この設定でNext.js 13.4.9を使っていたときは Cache-Control: s-maxage=1200, stale-while-revalidate というレスポンスヘッダが付与されており、stale-while-revalidateって秒数の指定が要るのでは? と思っていたけど、Next.js 15.0.3に上げたら Cache-Control: s-maxage=1200, stale-while-revalidate=31534800 に変わりました。

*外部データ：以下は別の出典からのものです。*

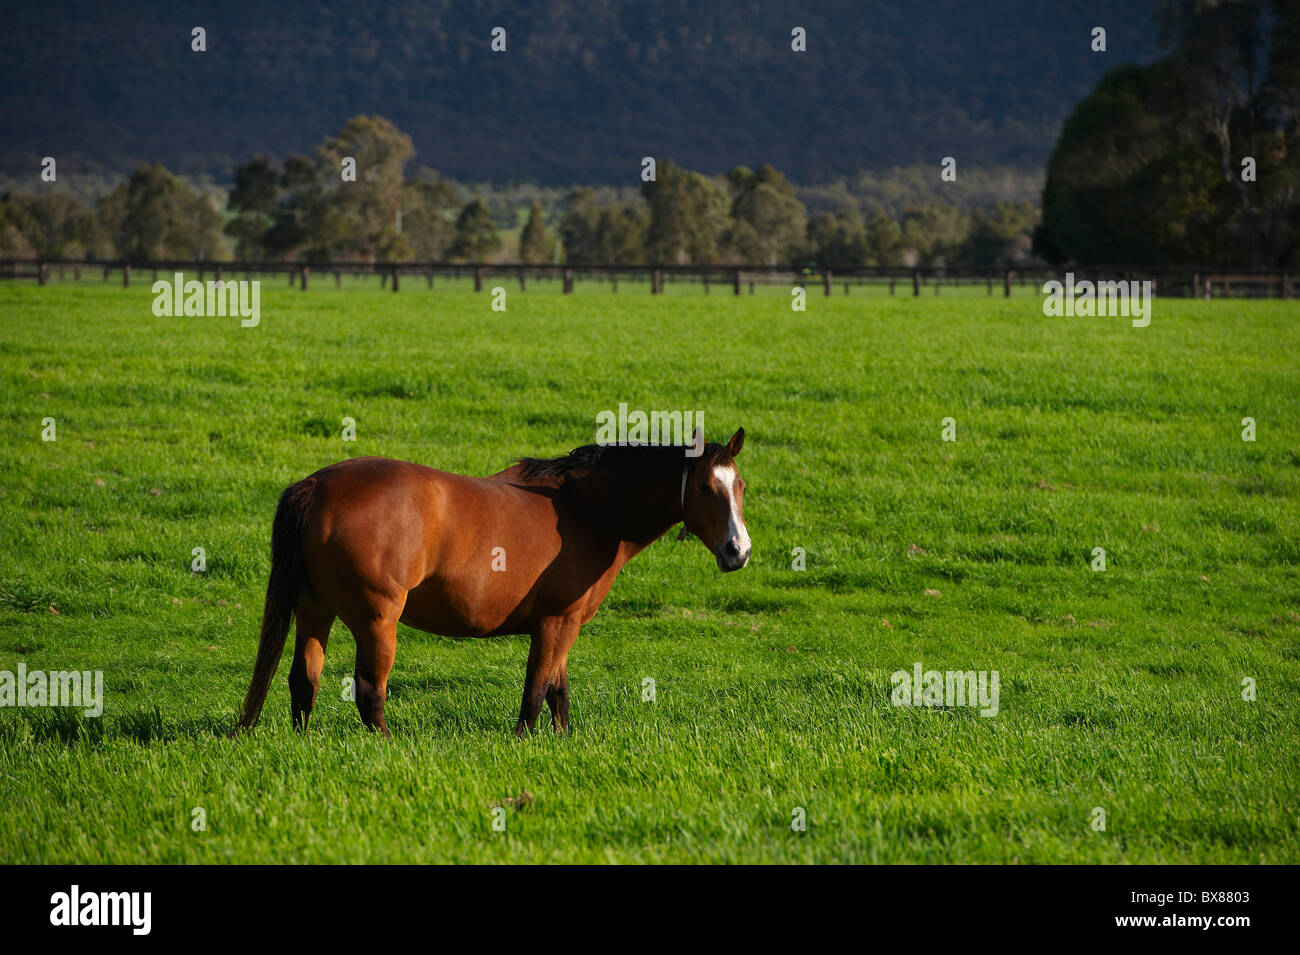 Horses grazing in lush pastures Stock Photo

CloudFrontはstale-while-revalidateに対応しているので、これでキャッシュの期限が切れたときのレイテンシが隠蔽しやすくなりそう。

aws.amazon.com

Next.jsレイヤでのリダイレクトをキャッシュさせる

CloudFrontで3xx系のステータスコードのレスポンスをキャッシュさせるには、オリジンから Cache-Control レスポンスヘッダを付与してやる必要があります。

Next.jsには next.config.js にリダイレクト設定を書く機能がありますが、これだけだと Cache-Control レスポンスヘッダが付与されません。

nextjs.org

いったん以下のようなミドルウェアを書いてしのいでいます。

import { NextRequest, NextResponse } from "next/server";

export function middleware(request: NextRequest) {
  if (request.nextUrl.pathname.startsWith("/labs")) {
    const redirectUrl = new URL(
      request.nextUrl.pathname,
      "https://sugarheart.utgw.net"
    );
    return NextResponse.redirect(redirectUrl, {
      status: 308,
      headers: {
        "Cache-Control": "public, max-age=31536000, s-maxage=31536000",
      },
    });
  }
}

おわりに

aws-lambda-web-adapterや先人のブログ記事のおかげで、そんなに大きくハマることもなくNext.js製WebアプリケーションをCloudFront + Lambda Function URLの構成に移行できました。もっと複雑な構成になっている場合はいろいろあるかもしれません。

Lambda関数自体のデプロイはlambrollでやっていたのですが、こちらは全くハマることがなく使えました。便利ですね。

クラウド破産が見えてきたらまたお知らせします。